Token-Based vs. Request-Based Rate Limiting

AspectRequest-BasedToken-Based
UnitNumber of HTTP requestsNumber of LLM tokens consumed
PrecisionCoarse — all requests treated equallyFine — limits match actual resource consumption
Cost controlWeak — a few verbose requests can exhaust budgetsStrong — directly tied to provider billing
Best forTraditional APIsLLM traffic

Configure Token Rate Limits

curl "http://127.0.0.1:7080/apisix/admin/routes?gateway_group_id=default" -X PUT \
-H "X-API-KEY: $ADMIN_API_KEY" \
-d '{
"id": "ai-rate-limited",
"service_id": "$SERVICE_ID",
"paths": ["/ai"],
"plugins": {
"ai-proxy": {
"provider": "openai",
"auth": { "header": { "Authorization": "Bearer '"$OPENAI_API_KEY"'" } },
"options": { "model": "gpt-4o" }
},
"ai-rate-limiting": {
"limit_strategy": "total_tokens",
"limit": 10000,
"time_window": 3600
}
}
}'

❶ Count total tokens (prompt + completion). Other options: "prompt_tokens" or "completion_tokens".

❷ Allow 10,000 tokens per time window.

❸ Reset the limit every 3,600 seconds (1 hour).

When the limit is exceeded, the gateway returns HTTP 429 with rate limit headers:

  • X-AI-RateLimit-Limit-{name} — The configured token limit.
  • X-AI-RateLimit-Remaining-{name} — Tokens remaining in the current window.
  • X-AI-RateLimit-Reset-{name} — Seconds until the window resets.

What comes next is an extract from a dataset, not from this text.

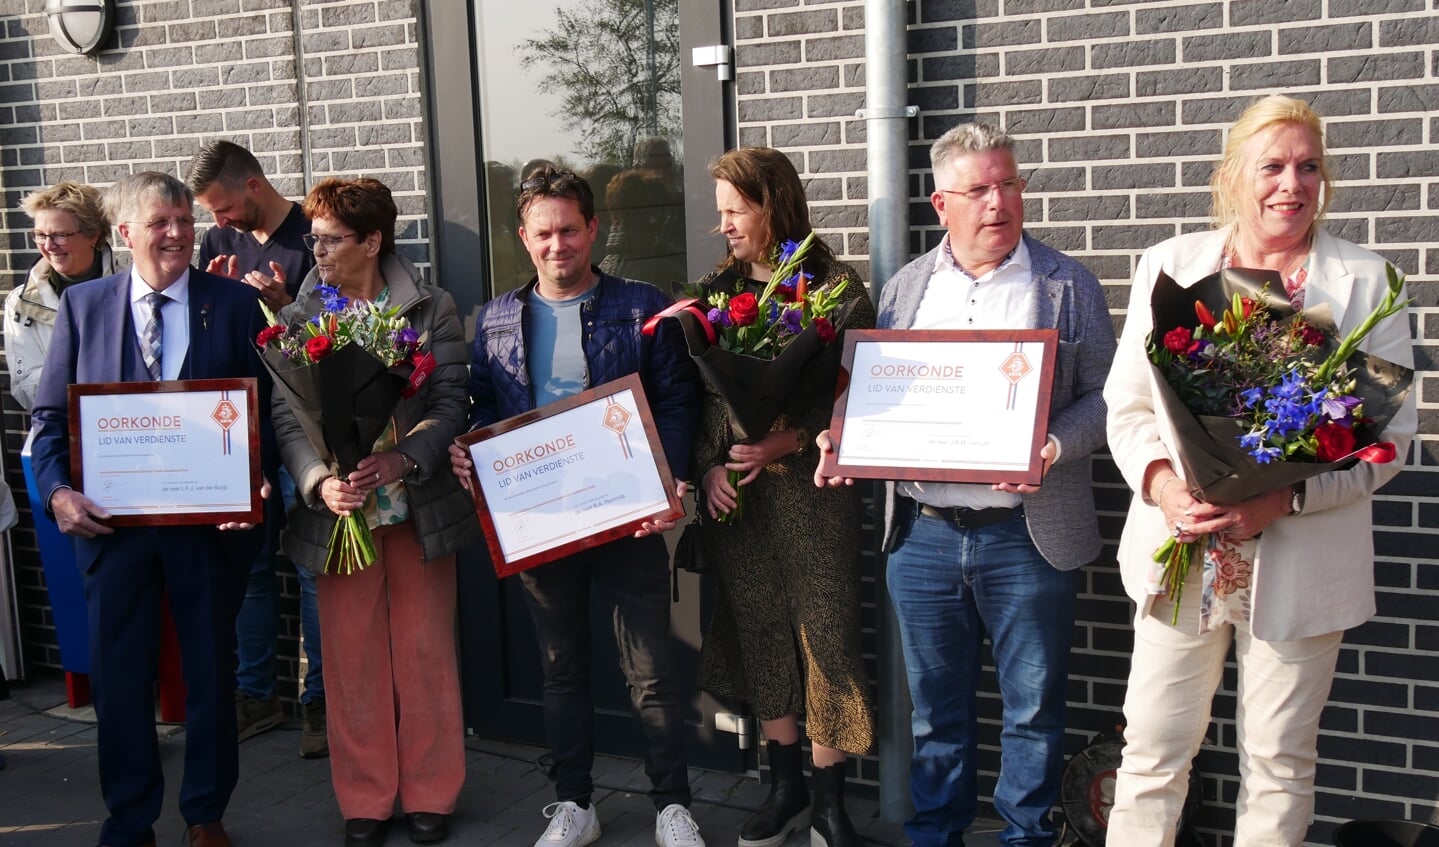 Bert van der Burgt, Berton Remmits en Ko van Lith werden benoemd tot Lid van Verdienste van de KNVB.

Per-Instance Rate Limits (Multi-Model)

When using ai-proxy-multi, set per-instance token budgets to limit expensive models more aggressively:

curl "http://127.0.0.1:7080/apisix/admin/routes?gateway_group_id=default" -X PUT \
-H "X-API-KEY: $ADMIN_API_KEY" \
-d '{
"id": "ai-per-instance-limits",
"service_id": "$SERVICE_ID",
"paths": ["/ai"],
"plugins": {
"ai-proxy-multi": {
"instances": [
{
"name": "gpt-4o-mini",
"provider": "openai",
"auth": { "header": { "Authorization": "Bearer '"$OPENAI_API_KEY"'" } },
"options": { "model": "gpt-4o-mini" },
"weight": 1
},
{
"name": "gpt-4o",
"provider": "openai",
"auth": { "header": { "Authorization": "Bearer '"$OPENAI_API_KEY"'" } },
"options": { "model": "gpt-4o" },
"weight": 1
}
]
},
"ai-rate-limiting": {
"limit_strategy": "total_tokens",
"instances": [
{
"name": "gpt-4o",
"limit": 5000,
"time_window": 3600
}
]
}
}
}'

❶ Apply the rate limit only to the gpt-4o instance with its own limit and time_window. Traffic to gpt-4o-mini is not affected by this limit.

Scaling with Redis

For multi-instance gateway deployments, use Redis to share rate limit counters across Data Plane nodes:

Enterprise Only

Redis-backed rate limiting (policy, redis_host, redis_port, allow_degradation) is available in API7 Enterprise edition only.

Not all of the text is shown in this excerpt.